A Rapid and Simple Loop-Mediated Isothermal Amplification Assay for the Detection of Pseudomonas aeruginosa From Equine Genital Swabs

• We developed a simple assay for rapid detection of P. aeruginosa directly from swabs.
• Pseudomonas aeruginosa can be directly detected from a swab without prior enrichment.
• As few as 11 copies of the target may be detected in less than 15 minutes.

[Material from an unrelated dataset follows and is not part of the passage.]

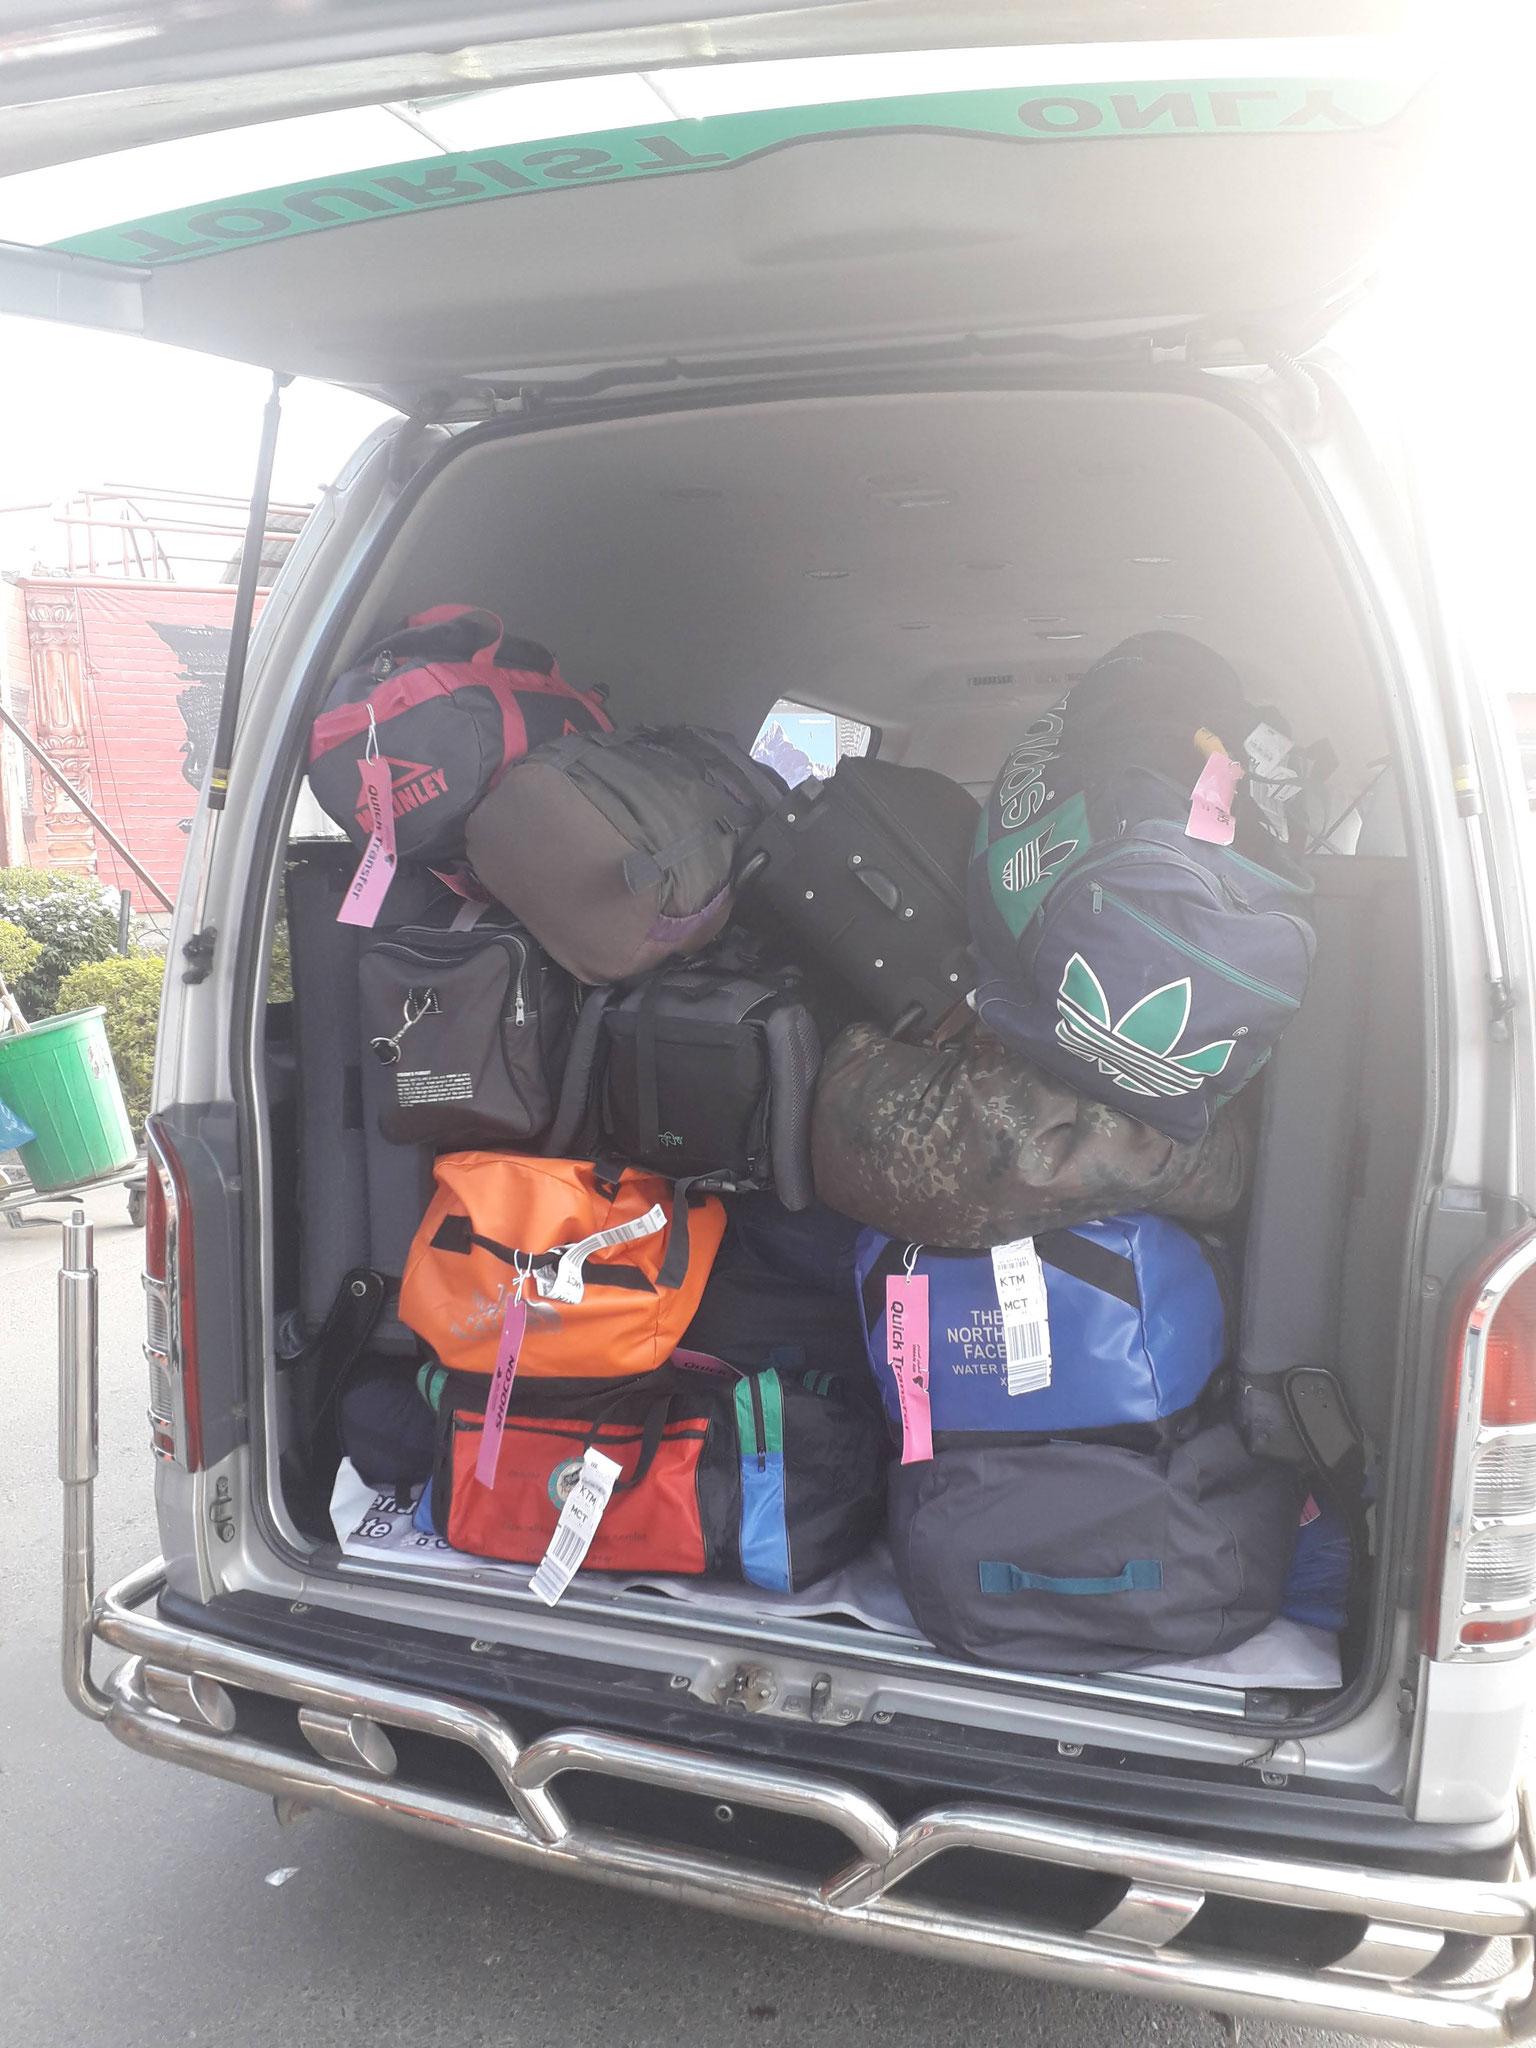 Ankunft in Kathmandu wir hatten spende- Kleider dabei

Pseudomonas aeruginosa is a causative agent of infectious reproductive disease in horses. Conventional methods for identification of this organism from equine genital swabs can be time consuming, laborious, and may rely on the presence of live bacteria. However, the use of loop-mediated isothermal amplification (LAMP) provides a simple and rapid detection method. We aimed to develop and evaluate a simple-to-use and interpret LAMP assay, based on the P. aeruginosa ecfX gene, capable of detecting P. aeruginosa from DNA extracted directly from equine genital swabs without culture or prior enrichment. The specificity of the assay was determined using DNA extracted from 29 different bacterial species, as well as in silico. The diagnostic sensitivity of the assay was determined through analysis of DNA extracted directly from 46 equine genital swabs. A P. aeruginosa–specific LAMP assay that could detect as few as 11 copies of its target in less than 15 minutes was developed. The reaction amplicon could be detected by real-time fluorescence or using a simple lateral flow device. The assay was specific to its target, showing no cross-reactivity or interference when tested against DNA extracted from 29 other bacterial species, as well as in silico. The diagnostic sensitivity of the assay was 86.8% (39 of 46) and 88.5% (40 of 46), when the amplicon was detected by real-time fluorescence and lateral flow device technology, respectively. The P. aeruginosa–specific LAMP assay provides a simple and rapid means of detecting the presence of viable and nonviable P. aeruginosa directly from equine genital swabs.